Selon l’étude en 2017 de l’International Game Developers Association sur les représentations dans l’industrie du jeu vidéo, 74% des sondés travaillant dans l’industrie sont des hommes. Cette hégémonie résulte à un monopole en terme de représentation et d’expériences de jeu. Difficile aujourd’hui de trouver un jeu vidéo où l’on n’incarne pas un homme blanc hétérosexuel qui doit user de violence afin d’atteindre son but, bien souvent dans des contextes militaires. Le documentaire de Game Spectrum aborde les causes et les conséquences du monopole de la masculinité blanche sur le jeu vidéo.

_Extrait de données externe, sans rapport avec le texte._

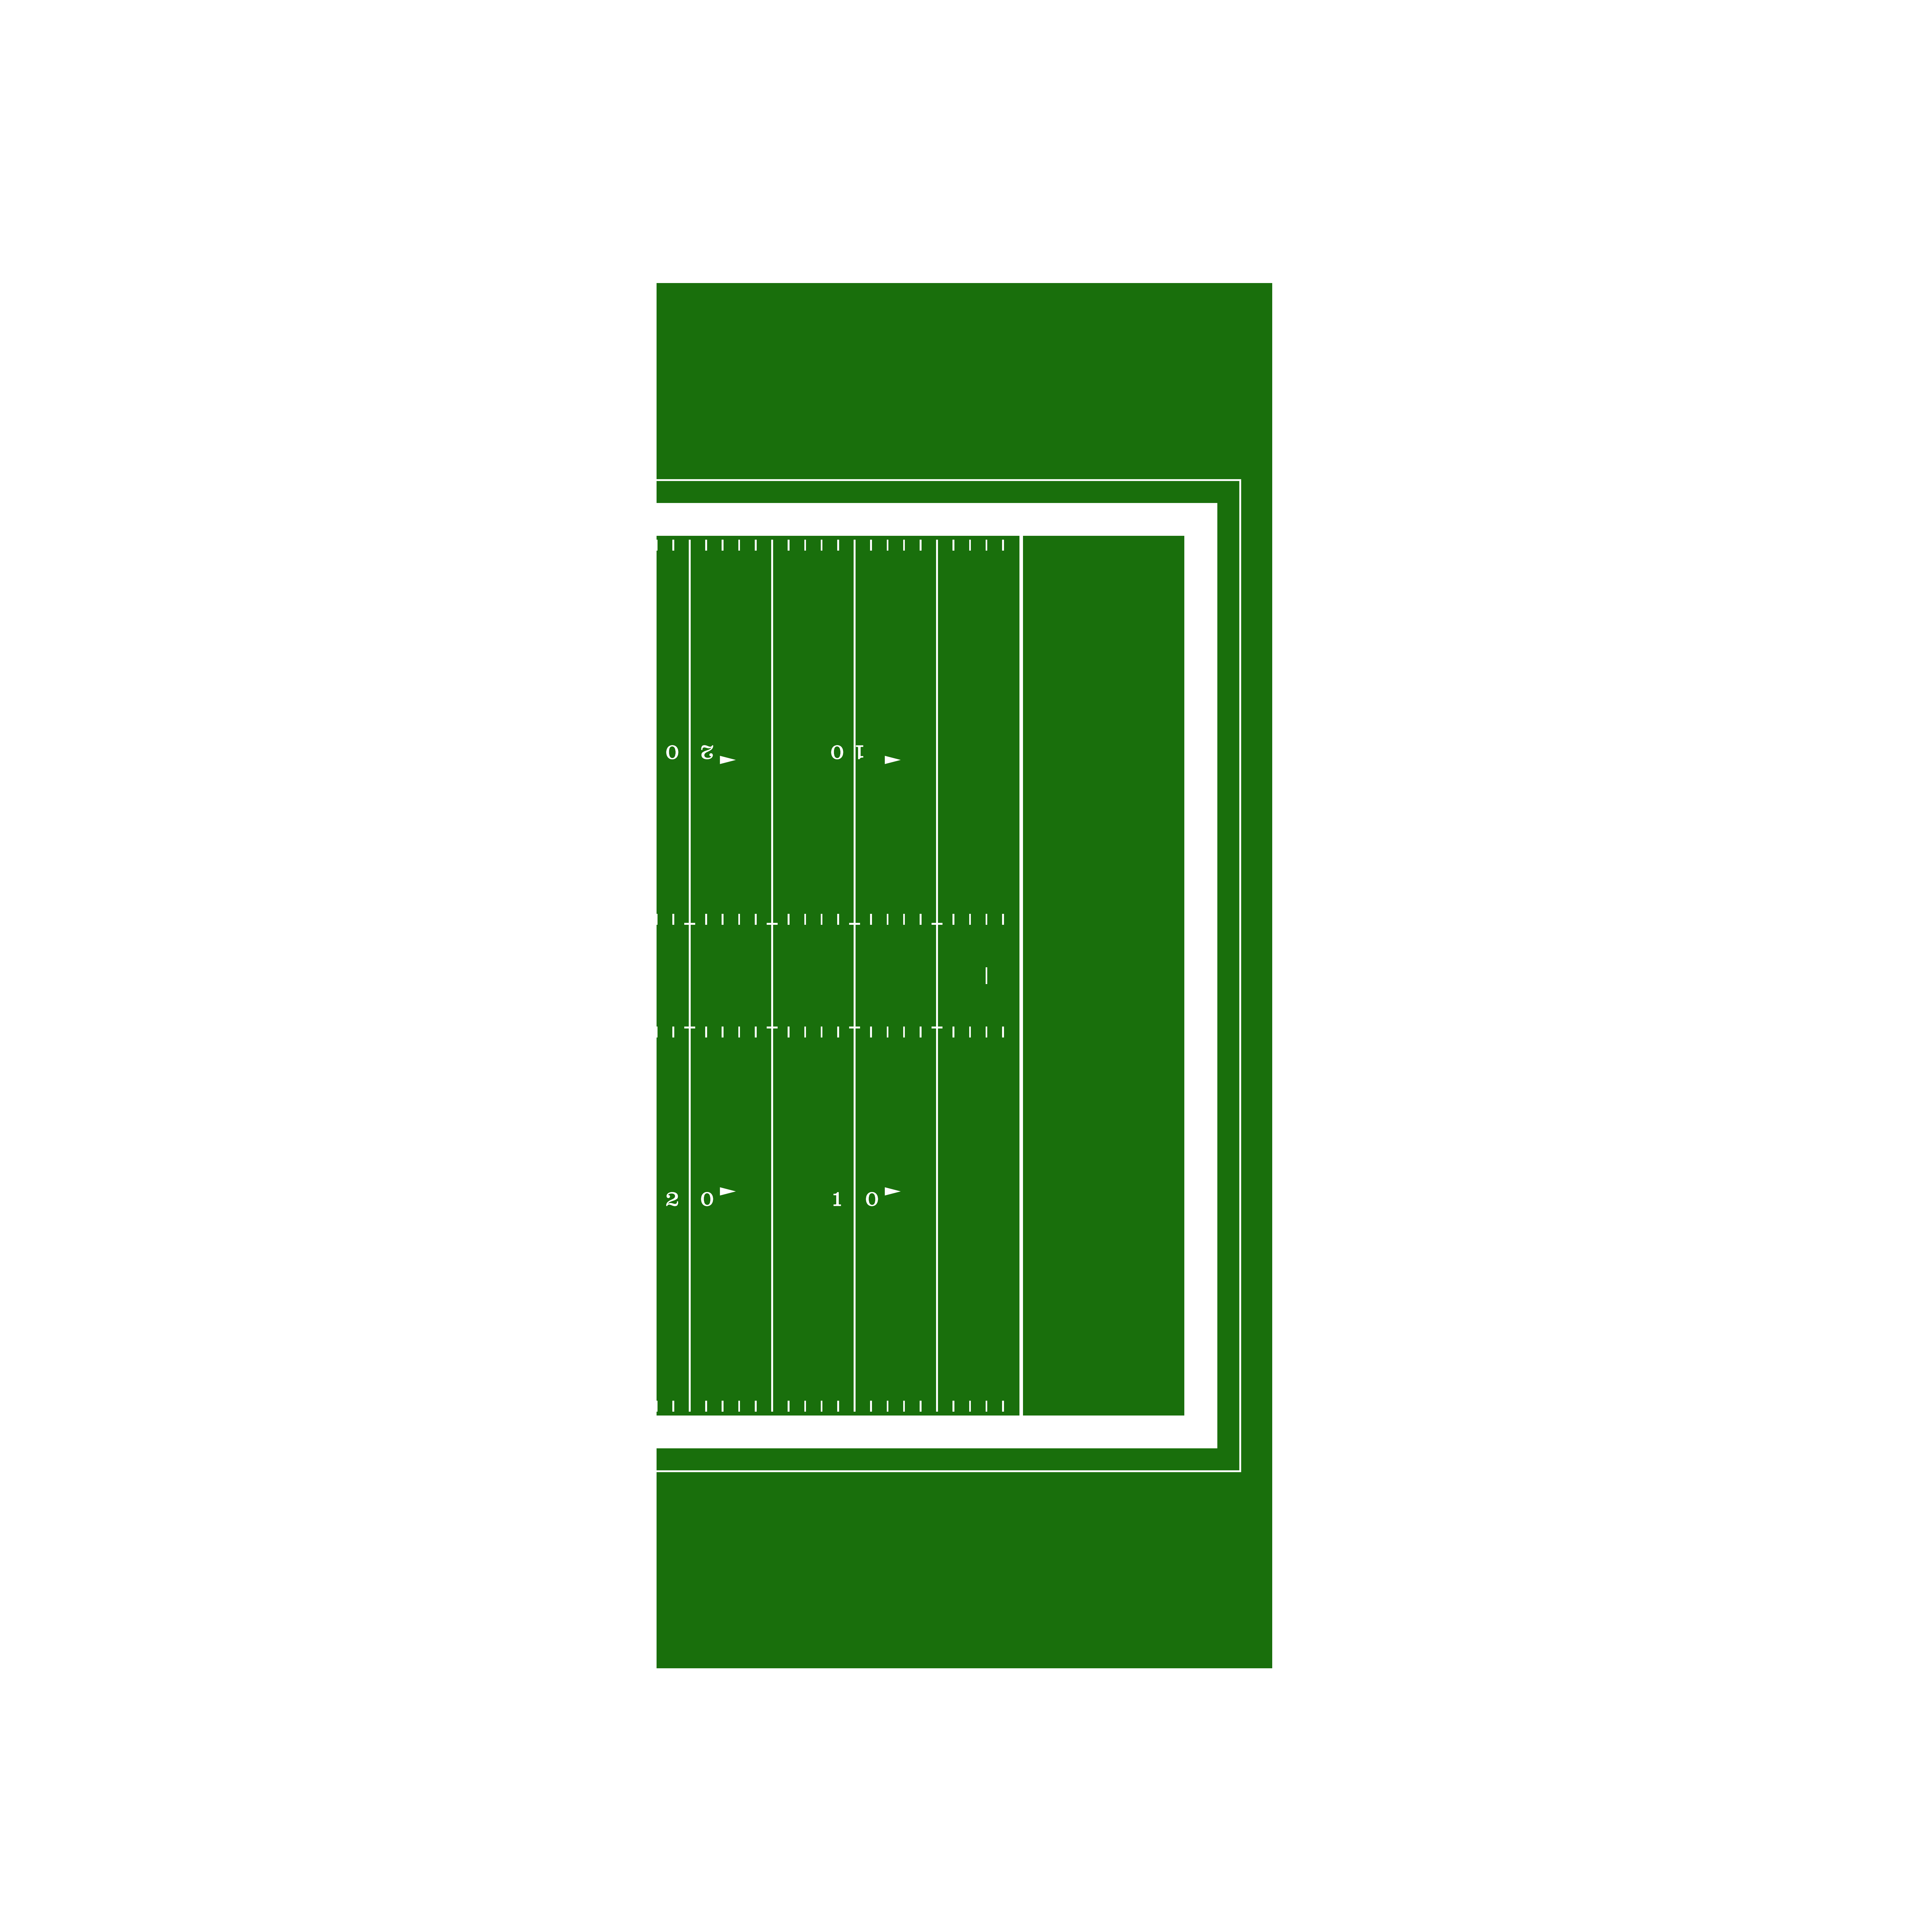 Red zone rendered from NFL Field

Dès les années 80, et malgré cette majorité masculine blanche, beaucoup d’auteurices, blanches, non blanc.hes. et/ou issu.es de la communité LGBTQIA+ investissent le jeu vidéo, et notamment le jeu vidéo indépendant, de leurs expériences personnelles. Iels racontent des histoires au sujet de leurs places dans le monde, à travers leurs points de vue, parfois inspirées de leur propre vécu. 

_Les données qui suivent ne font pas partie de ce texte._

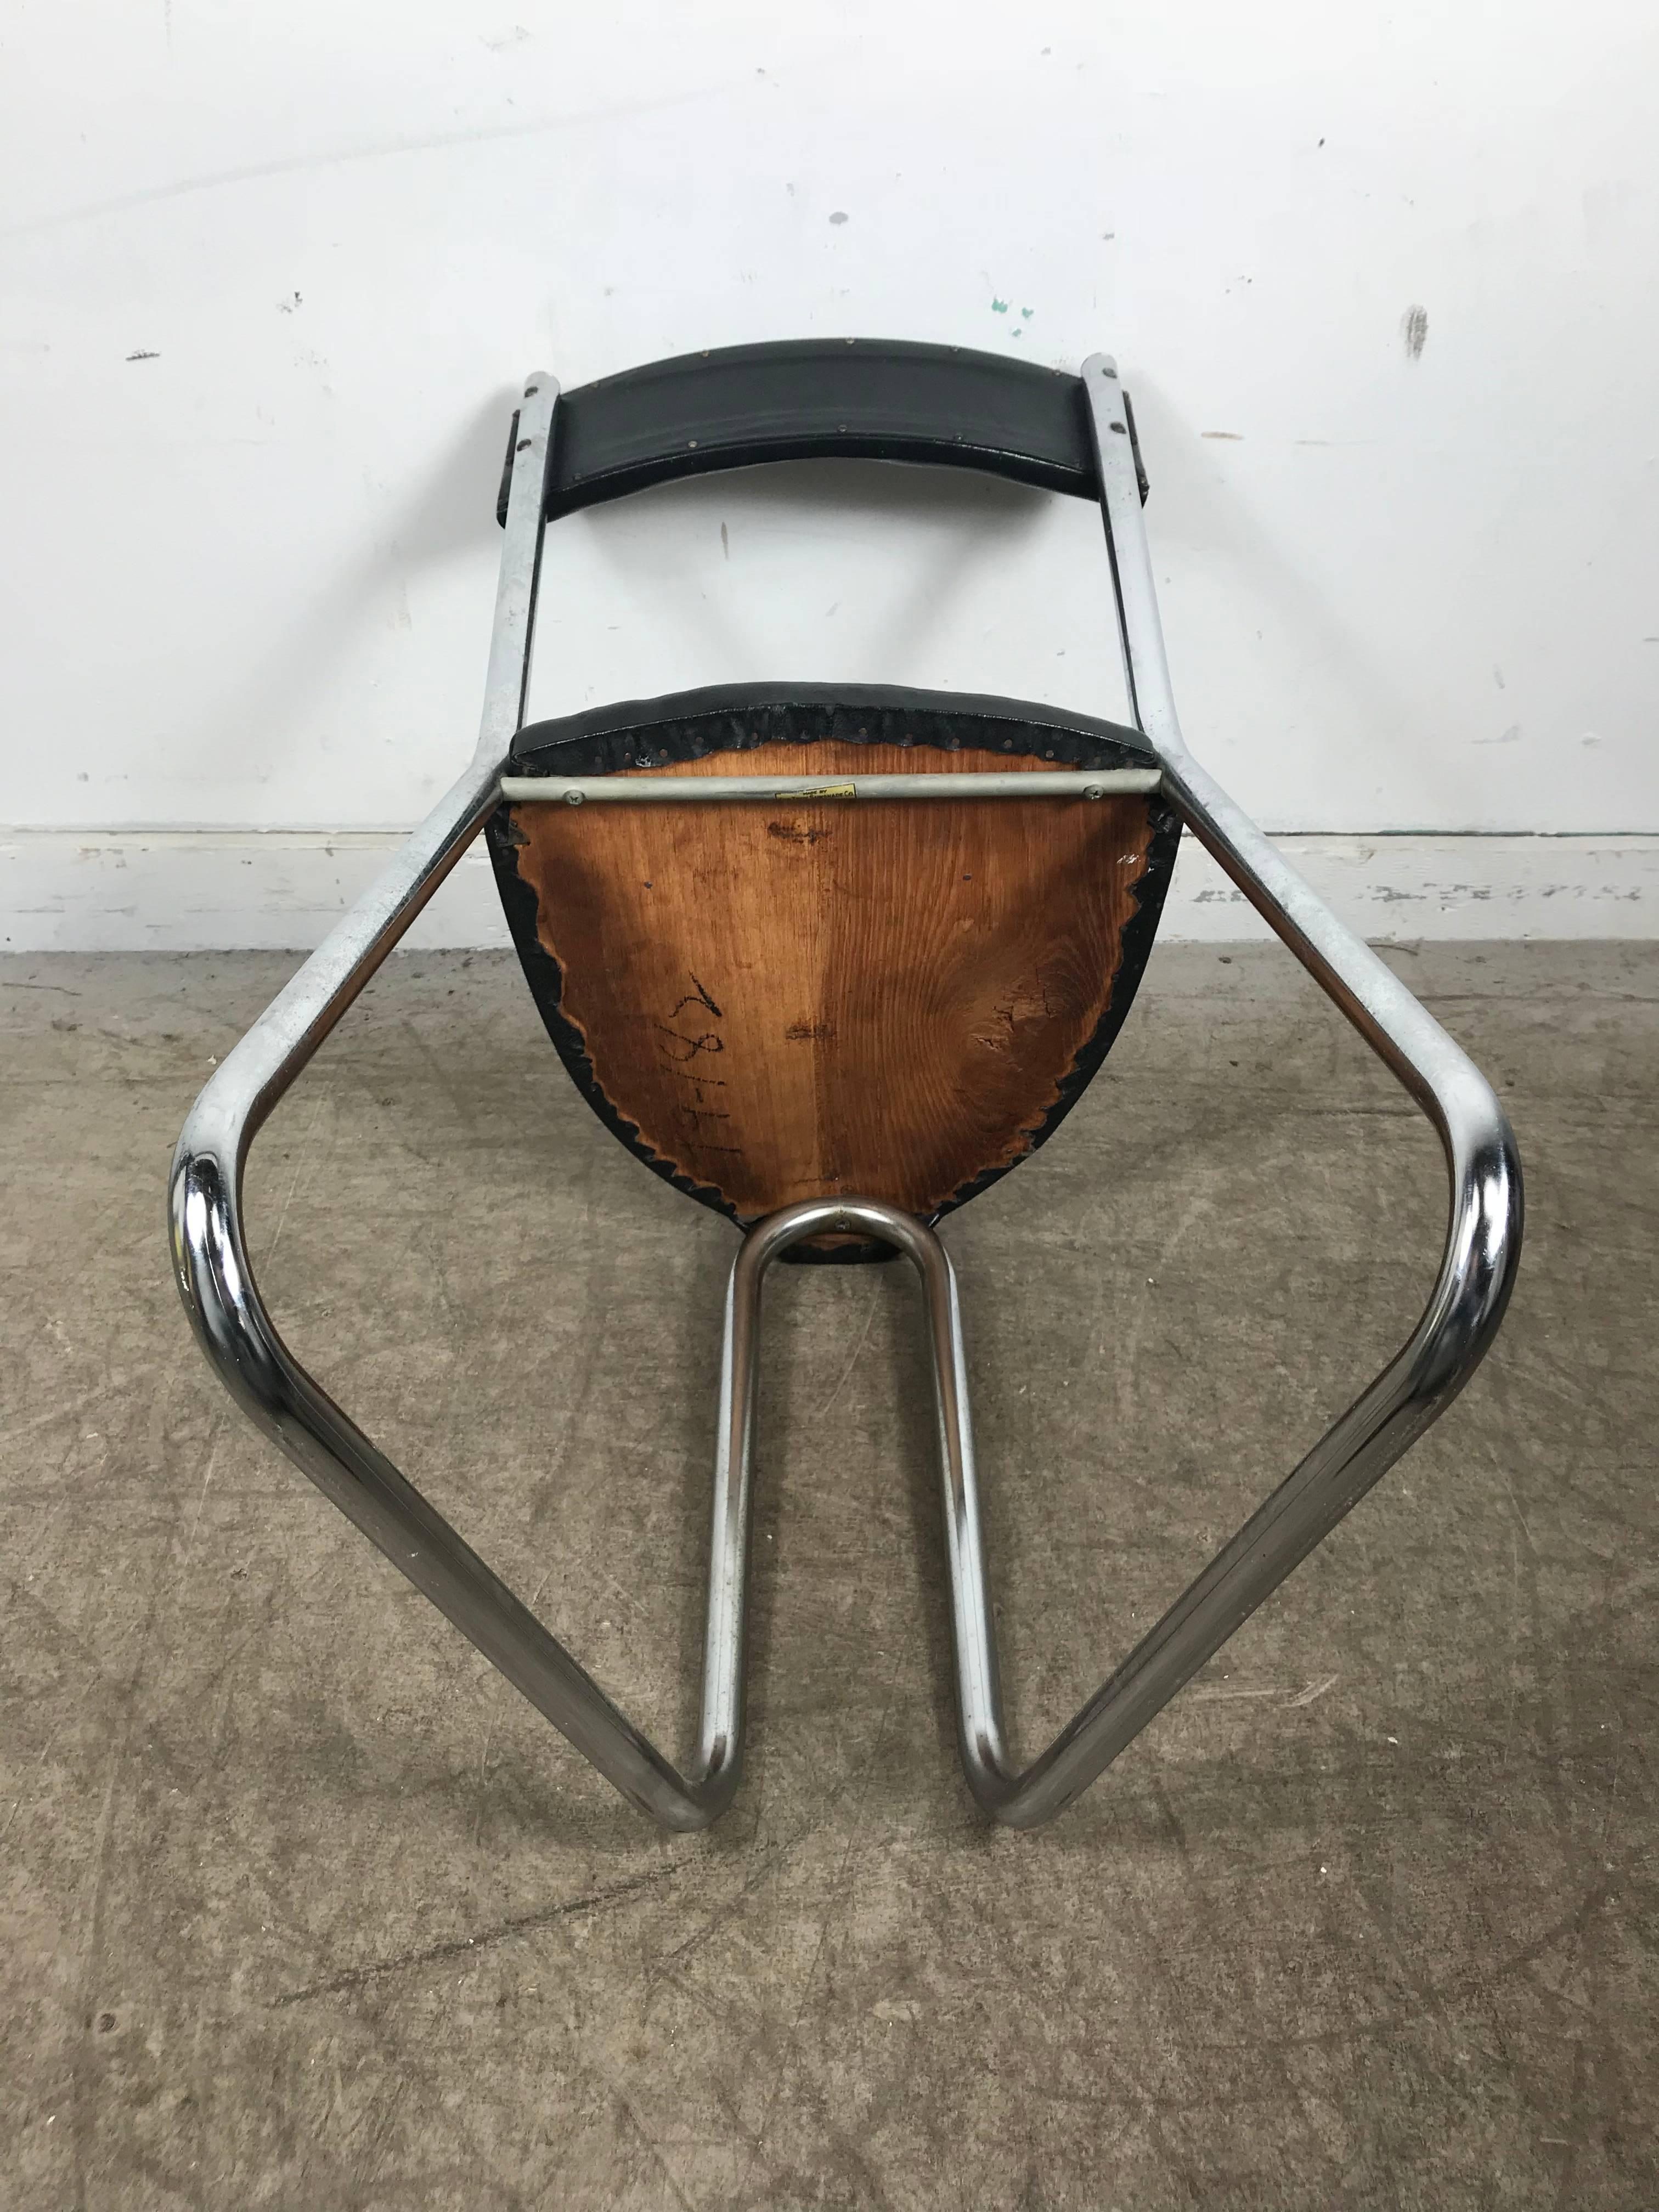 Unusual Art Deco Machine Age side chair / vanity stool designed by Gilbert Rhode for Troy Sunshade company, black oil cloth and tubular chrome. Amazing original condition, retains early Troy Sunshade label.

Cibele de Nina Freeman, par exemple, raconte la relation intime de la créatrice avec un jeune homme sur un jeu en ligne. Le jeu explore la période de l’adolescence, la construction d’une identité sexuelle, le rapport à son corps. 

Robert Yang articule ses créations autour de la représentation queer et gay. Son goût pour l’absurde a donné Succulent, un jeu dans lequel on contrôle le bras d’un homme qui tient une glace à l’eau qu’il faut sucer. Plus elle s’enfonce dans sa bouche, plus la musique et les effets visuels s’intensifient. Loin de l’humour absurde de Succulent, il aborde également dans The Tearoom la répression des hommes gay aux Etats Unis dans les années 60. The Tearoom est, selon Robert Yang, un jeu au sujet de l’anxiété, la surveillance policière de la population gay et “sucking off another dude’s gun”. Il s’inspire d’événements réels qui se sont déroulés en Ohio. La police avait installé un miroir sans tain dans des toilettes publiques afin d’y filmer les hommes qui s’y rendaient dans le cadre de rencontres. Après les arrestations, les enregistrements furent ensuite utilisés au cours de procès. Dans The Tearoom, on incarne un homme qui urine dans des toilettes publiques, drague d’autres hommes et se fait draguer, tout en restant vigilant à ne pas se faire interpeller par la police.

The Tearoom, Robert Yang
The Tearoom, Robert Yang

Nina Freeman et Robert Yang, entre autres, établissent des représentations qui se font de plus en plus nombreuses et qui, par le passé, étaient invisibilisées. Au sujet de domination masculine, des créatrices ont également abordé le sujet en mobilisant des savoirs et expériences intimes vécues. 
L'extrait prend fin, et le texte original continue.